Looking ahead, we are working on several exciting enhancements to the system. Our current focus is on integrating more-advanced sensor simulations that combine analytical models with real-world measurement feedback from the ARID team, further increasing the system’s accuracy and practical utility. We are also exploring the use of AI to suggest optimal sensor placements for new station designs, which could potentially identify novel configurations that users of the tool might not consider.
Additionally, we are looking to expand the system to serve as a comprehensive synthetic-data generation platform. This will go beyond just simulating barcode-detection scenarios, providing a full digital environment for testing sensors and algorithms. This capability will let teams validate and train their systems using diverse, automatically generated datasets that capture the full range of conditions they might encounter in real-world operations.

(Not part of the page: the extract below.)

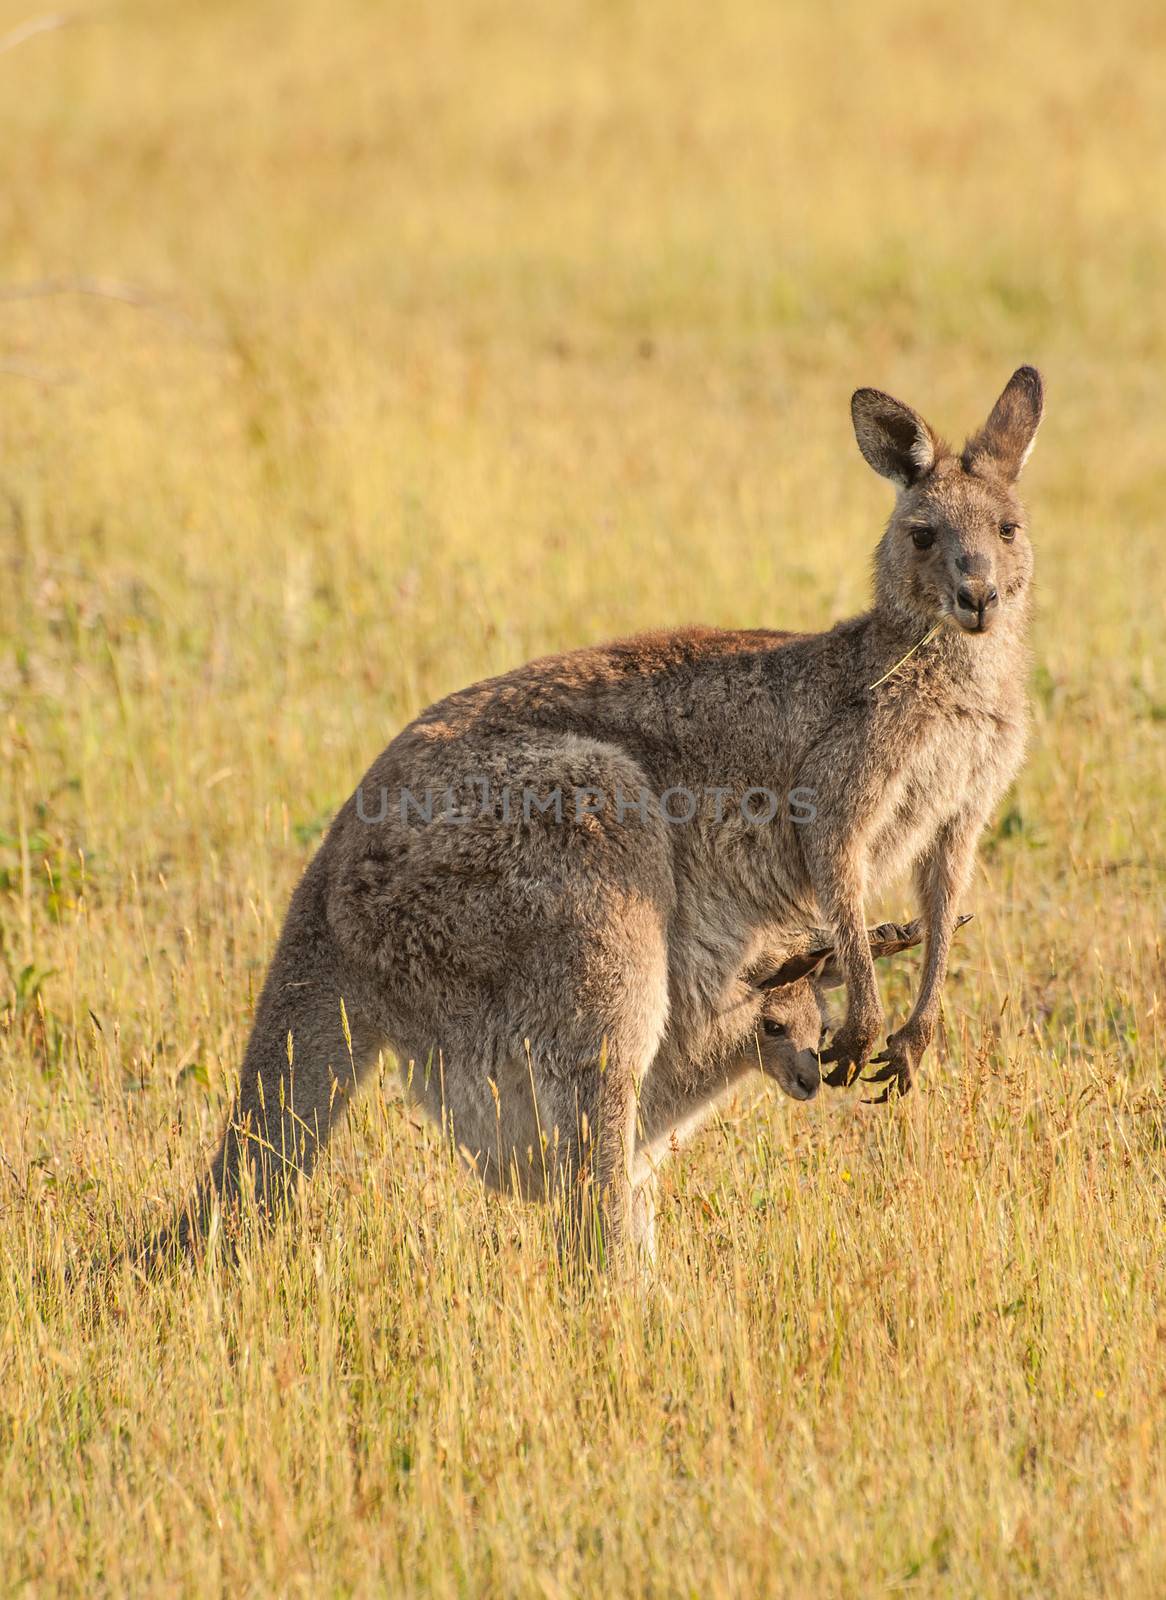 Wild Australian female kangaroo (eastern gray kangaroo - Macropus giganteus) with a joey in pouch

By combining advanced scientific computing with practical industrial applications, SWB represents a significant step forward in warehouse automation development. The platform demonstrates how sophisticated simulation tools can dramatically accelerate innovation in complex industrial systems. As we continue to enhance the system with new capabilities, we are excited about its potential to further transform and set new standards for warehouse automation.